Musk’s response to the timeline argument: he acknowledged knowing something was wrong in 2018, but compared it to suspecting someone might steal your car — you have concerns before you have proof. The actual theft, in his framing, didn’t materialise until the for-profit conversion completed.

Savitt finished his cross-examination of Musk by asking about various initiatives at the OpenAI nonprofit. “I don’t know everything they’ve done,” Musk testified. “I don’t know what’s going on at OpenAI.” OpenAI’s lawyers will likely return to this admission as evidence that Musk’s claims are speculative rather than grounded in specific knowledge of wrongdoing.

One particularly colourful exchange: Savitt asked Musk about his ambition to build an AI “robot army,” and Musk clarified that he did not mean an army in a military sense.


The Structural Legal Stakes

This case is not just about Musk and Altman personally, though the personal animosity between them is real and documented. The legal questions it raises have significant implications for how AI organisations structure themselves and how nonprofit-to-for-profit conversions are governed.

The deeper question in the charitable trust claim is whether donors and early supporters of a nonprofit AI lab have legally enforceable rights when that organisation converts to a for-profit structure. If the court finds they do — and that OpenAI’s conversion breached those obligations — it establishes a precedent with implications for every AI lab that has operated under similar hybrid or nonprofit structures.

Microsoft is also named as a defendant. Microsoft’s lawyer argued in his opening statement that Microsoft did not and could not have aided OpenAI’s alleged breach of a charitable trust, and argued that Musk’s suit exceeded the statute of limitations.
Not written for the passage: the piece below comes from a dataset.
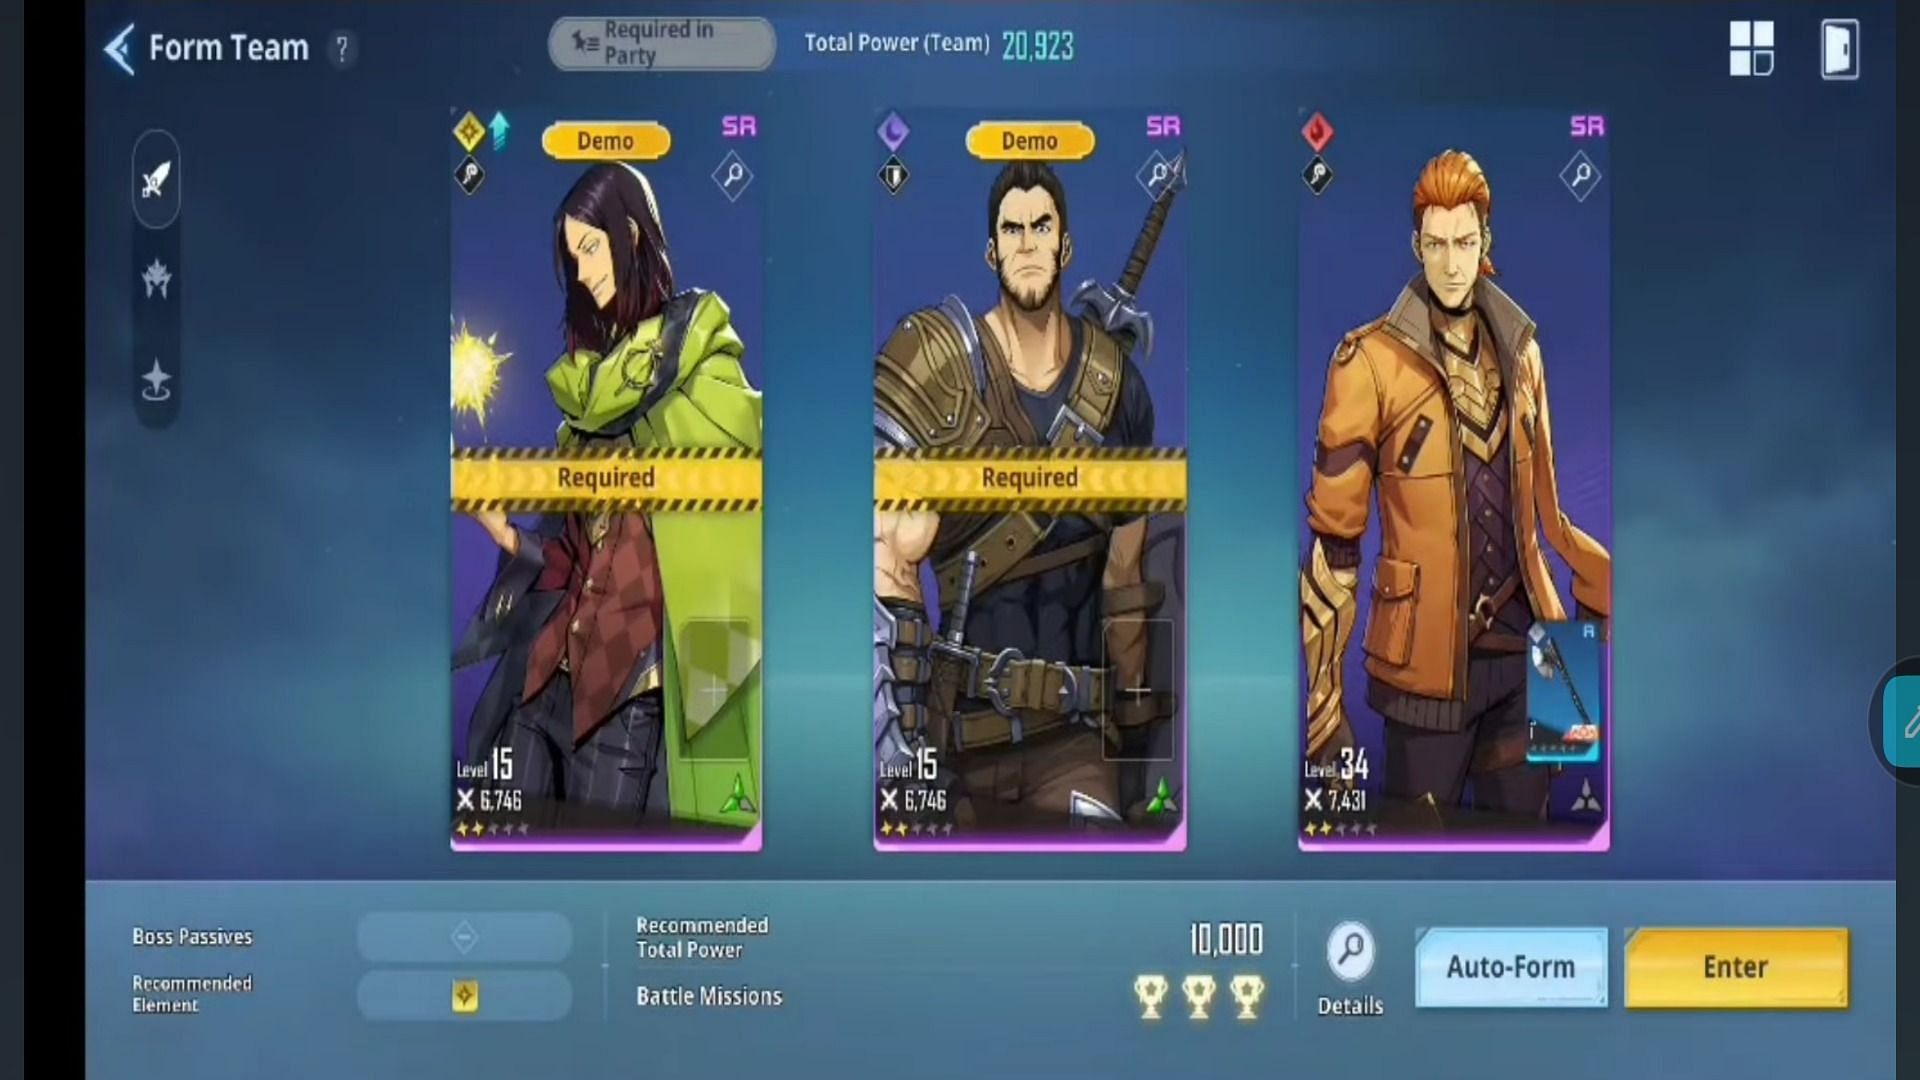 This can be a great team to complete the mission (Image via Netmarble)

The stakes for Microsoft are direct: any finding that it aided and abetted the breach could affect its current 27% economic interest in OpenAI’s public benefit corporation and its IP licensing deal through 2032.
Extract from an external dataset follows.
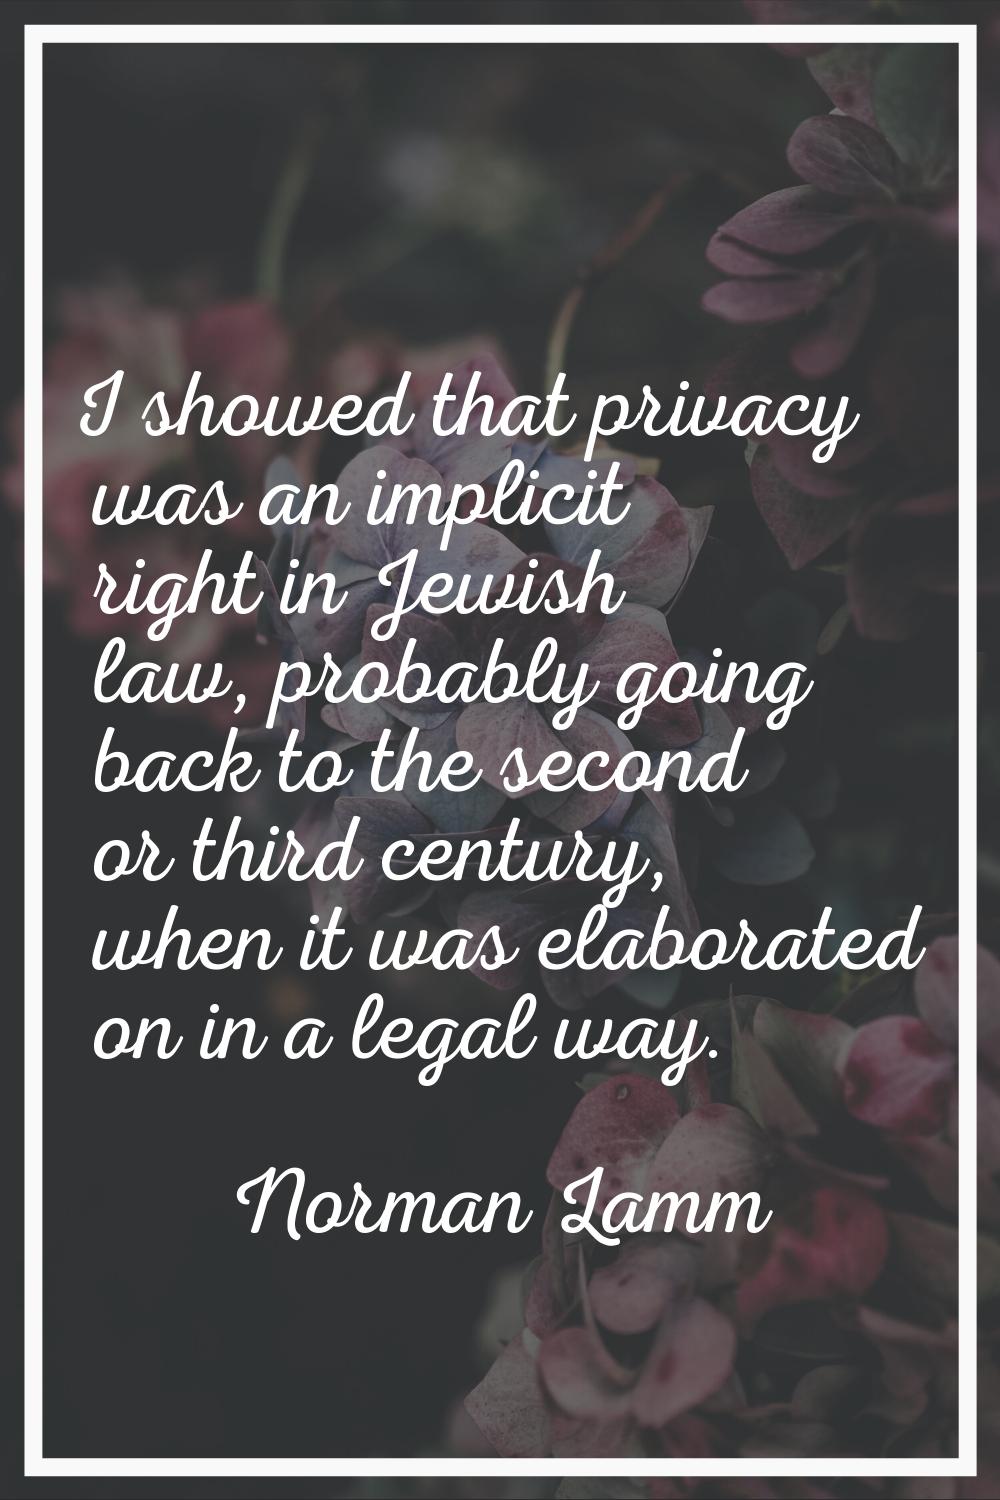 I showed that privacy was an implicit right in Jewish law, probably going back to the second or thi

Legal analysis anticipates a mixed verdict by mid-May 2026. Judge Gonzalez Rogers is expected to find that OpenAI breached fiduciary duties to the original donor base on at least one count while declining to order the full unwinding of the public benefit corporation. Expect a damages award in the low tens of billions, paid into a remediation trust rather than directly to Musk.
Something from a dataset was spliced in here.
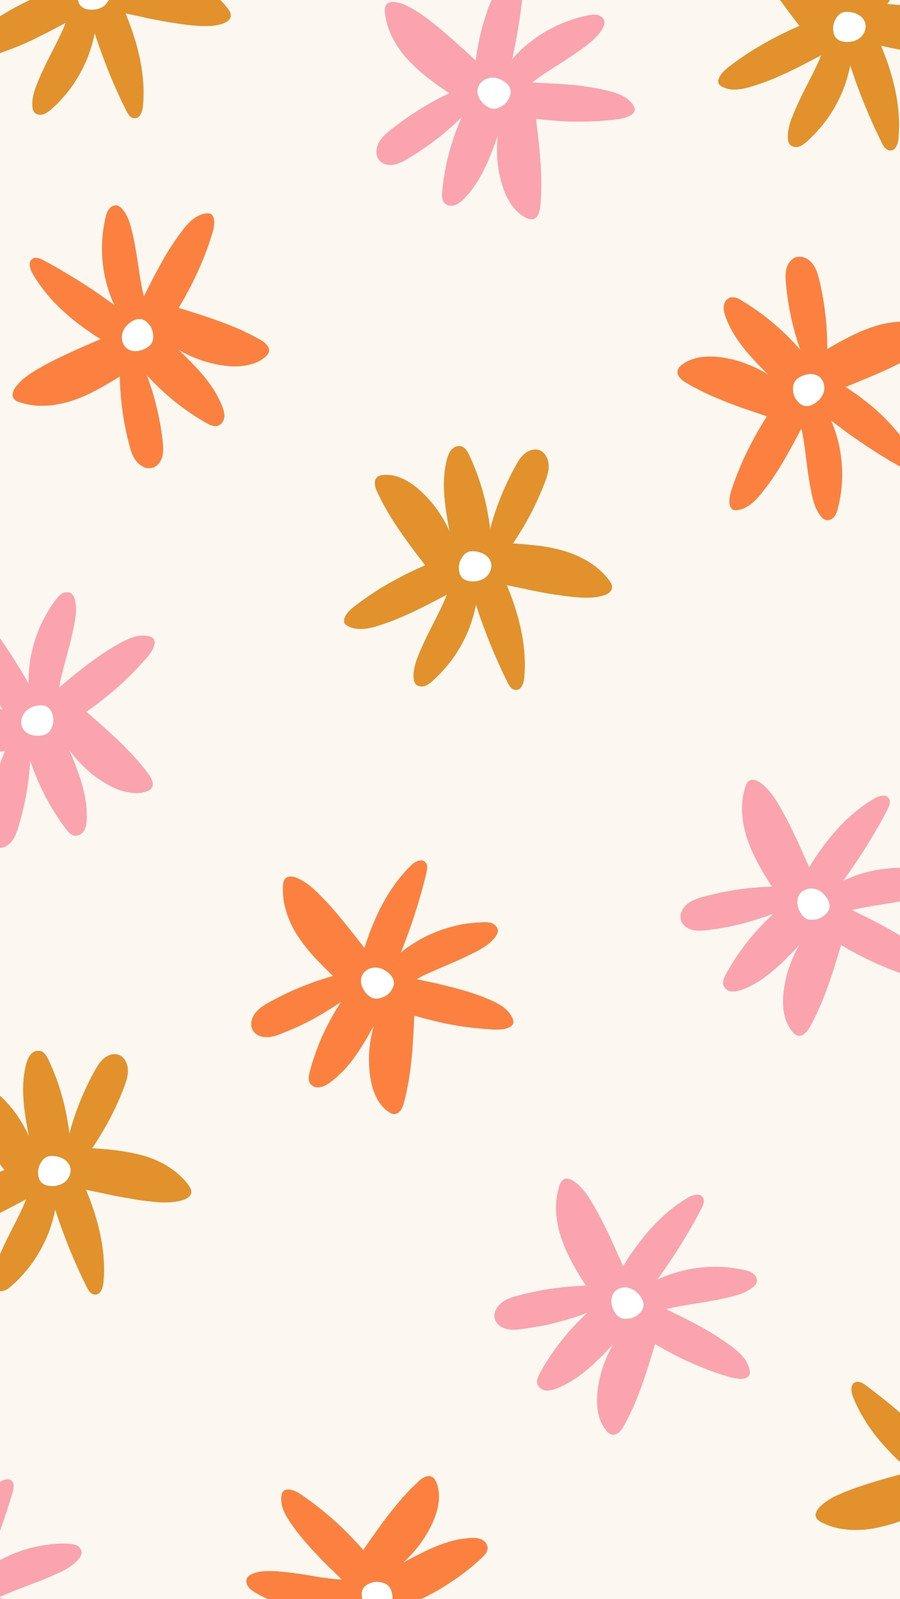 And Customizable Cute Pink Wallpaper Templates

If that analysis is correct: OpenAI continues operating in its current form, pays a significant but survivable damages award, and files an immediate appeal. The case moves to the Ninth Circuit in late 2026 or early 2027, probably with a stay of any structural relief during appeal.


Why This Is the AI Governance Story of 2026

The trial is personally dramatic. It’s also a proxy for a much larger question that the AI industry hasn’t been forced to confront in a legal setting before: when an organisation raises money, talent, and public credibility on a “safety-first, open, for humanity” mission and then converts to commercial operations worth hundreds of billions of dollars, who has the right to hold them accountable?

The law’s answer to that question — delivered by Judge Gonzalez Rogers in the weeks ahead — will shape how the next generation of AI labs structures themselves. The organisations watching most closely are not Musk’s lawyers and Altman’s PR team. They’re the governance researchers, nonprofit attorneys, and AI safety advocates trying to understand whether existing legal structures can meaningfully constrain what AI companies do with the power they accumulate.

Whatever the verdict, the Musk v. Altman trial is the moment where AI governance stopped being a theoretical concern and became a courtroom argument with real legal consequences.

That’s worth paying attention to, even if the courtroom drama occasionally produces lines that sound like they were written for television.